*Work required*
Repeat the span of the entries below that starts at the line with "Les arbres givrés" and ends at the line with "målning tömma rum", nothing more. Skip the pictures.

*Records provided*

┄┄┄┄┄┄

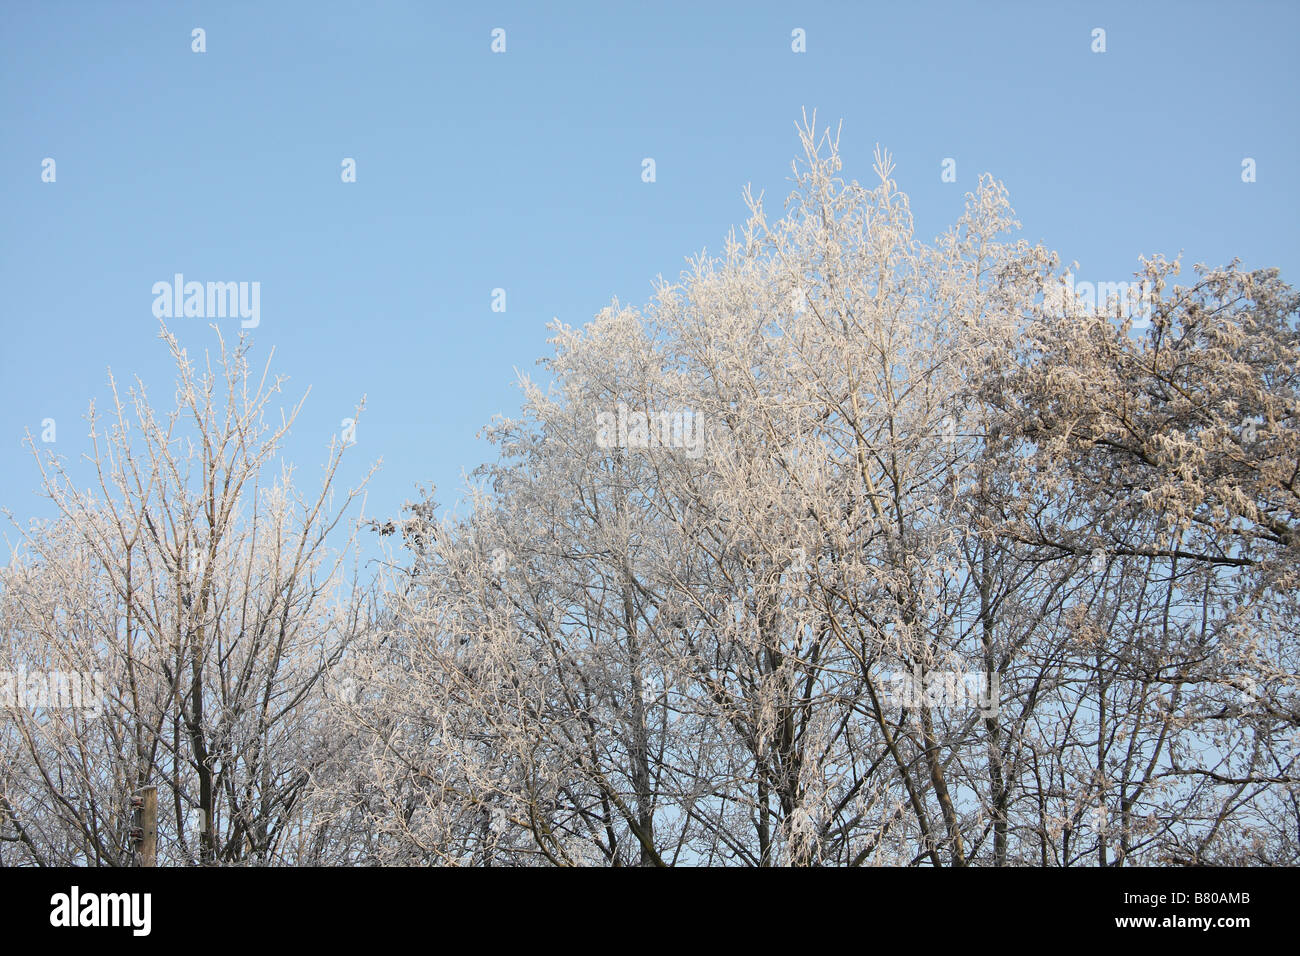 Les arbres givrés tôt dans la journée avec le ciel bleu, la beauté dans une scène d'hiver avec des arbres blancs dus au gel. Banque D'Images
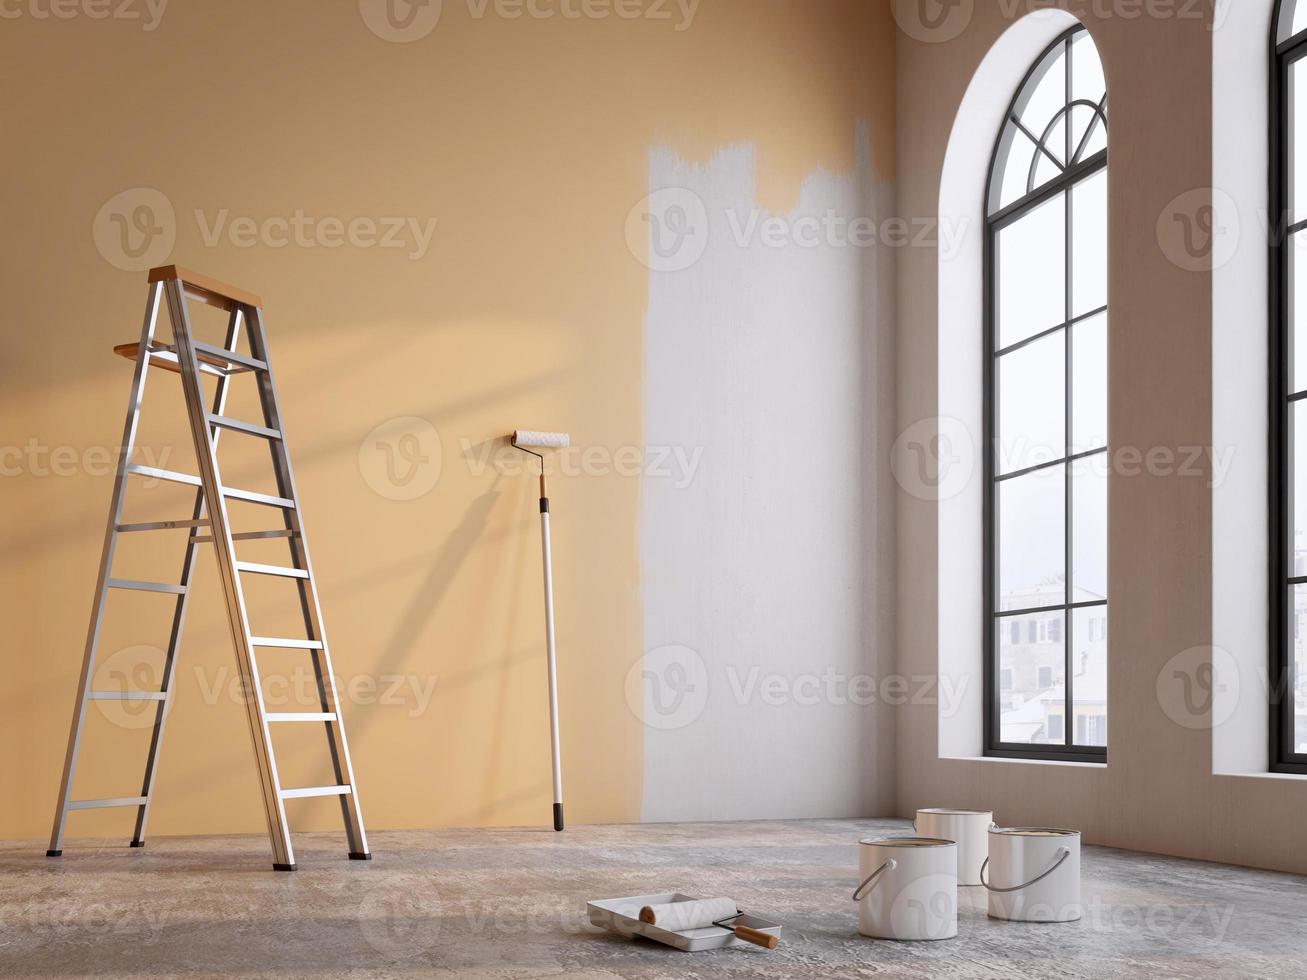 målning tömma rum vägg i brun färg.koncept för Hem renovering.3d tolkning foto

┄┄┄┄┄┄

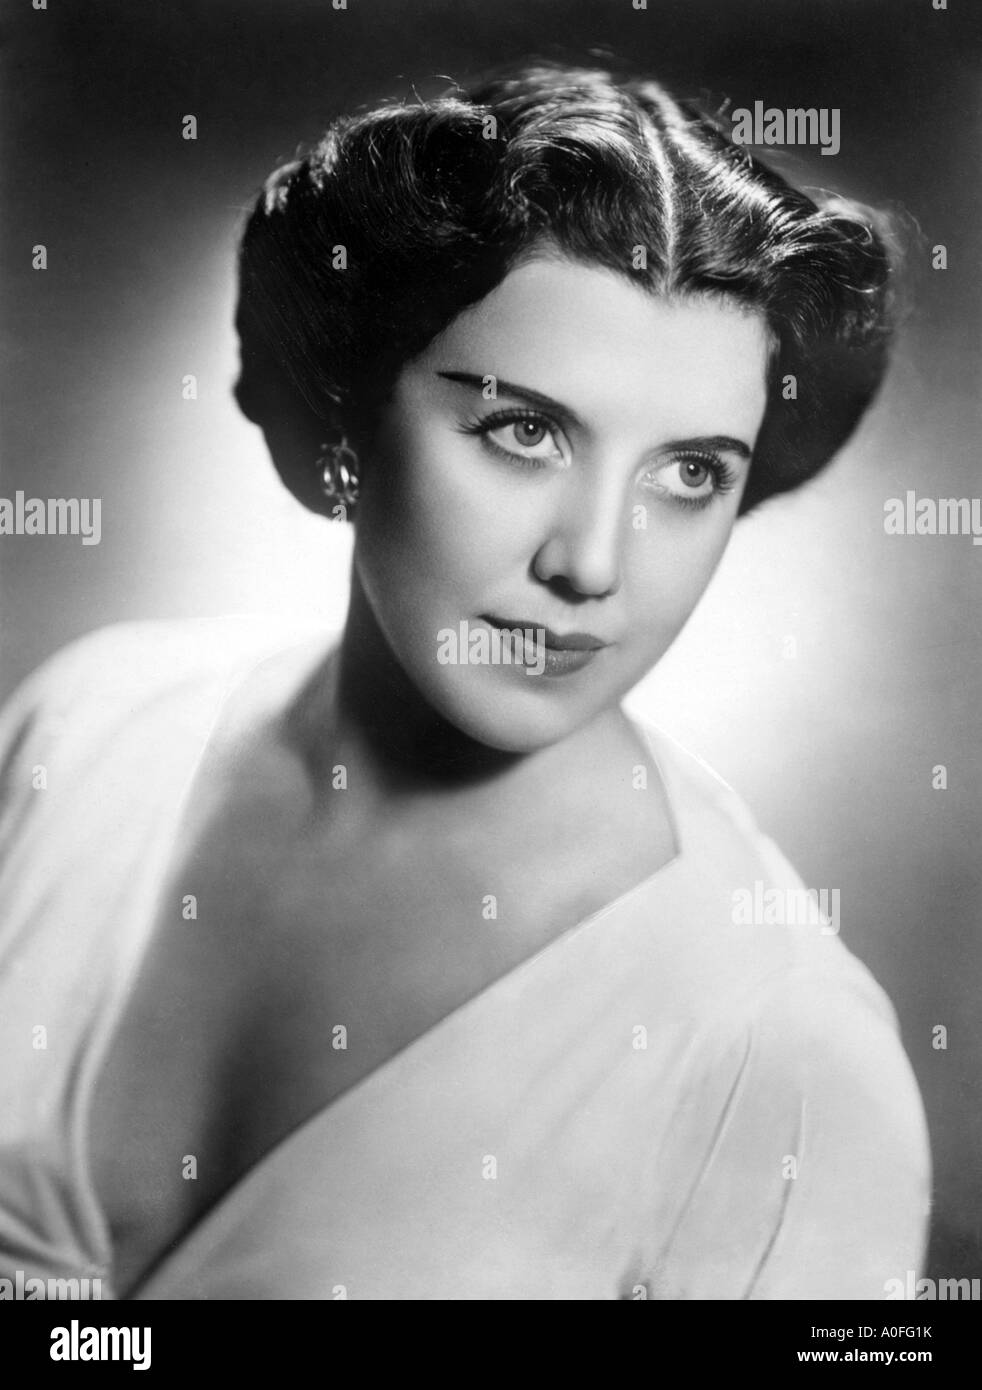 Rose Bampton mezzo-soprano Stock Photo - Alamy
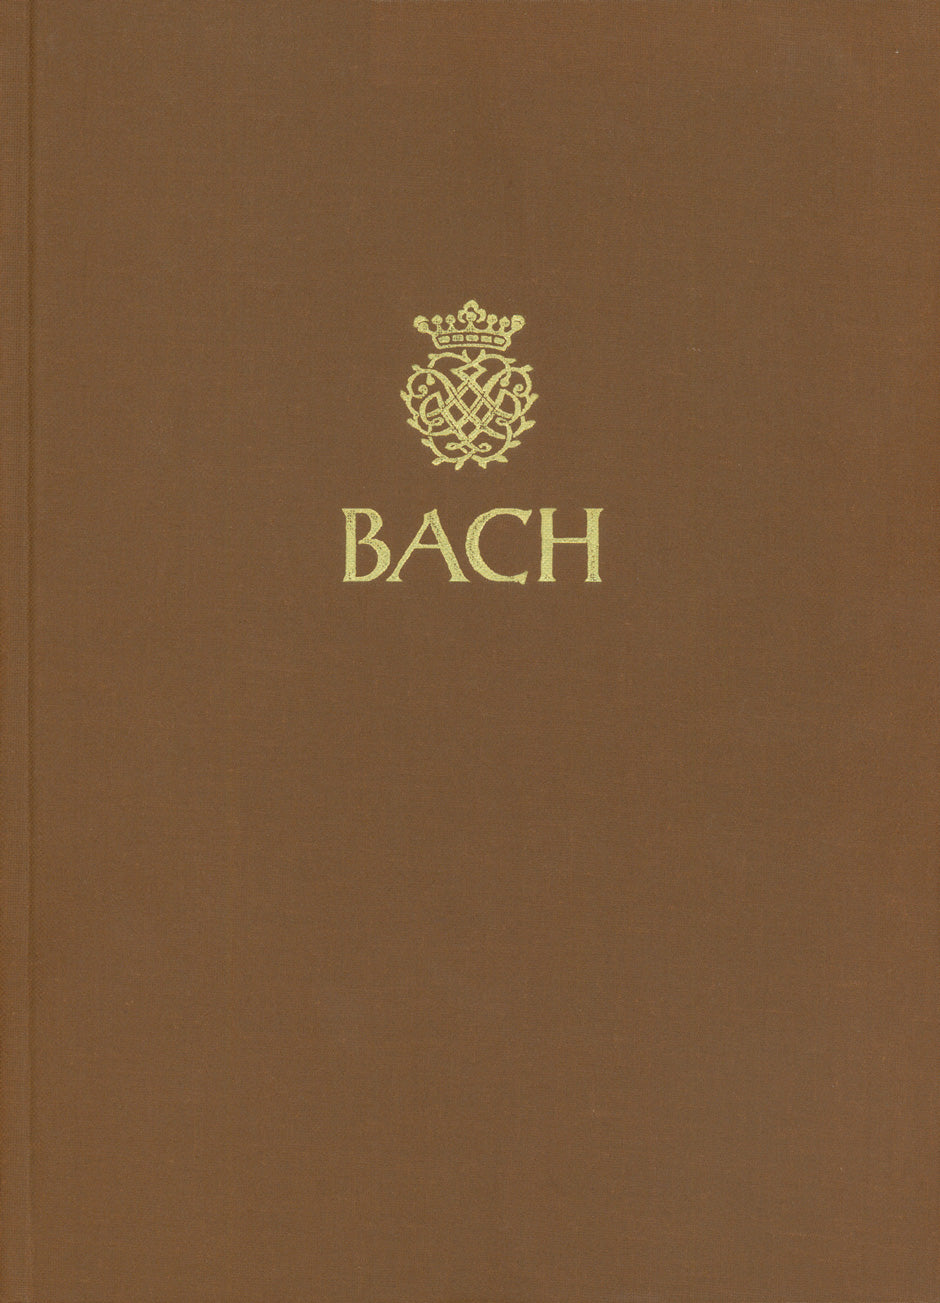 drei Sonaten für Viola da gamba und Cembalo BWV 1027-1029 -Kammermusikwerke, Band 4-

┄┄┄┄┄┄

*Written solution*
 Les arbres givrés tôt dans la journée avec le ciel bleu, la beauté dans une scène d'hiver avec des arbres blancs dus au gel. Banque D'Images
 målning tömma rum vägg i brun färg.koncept för Hem renovering.3d tolkning foto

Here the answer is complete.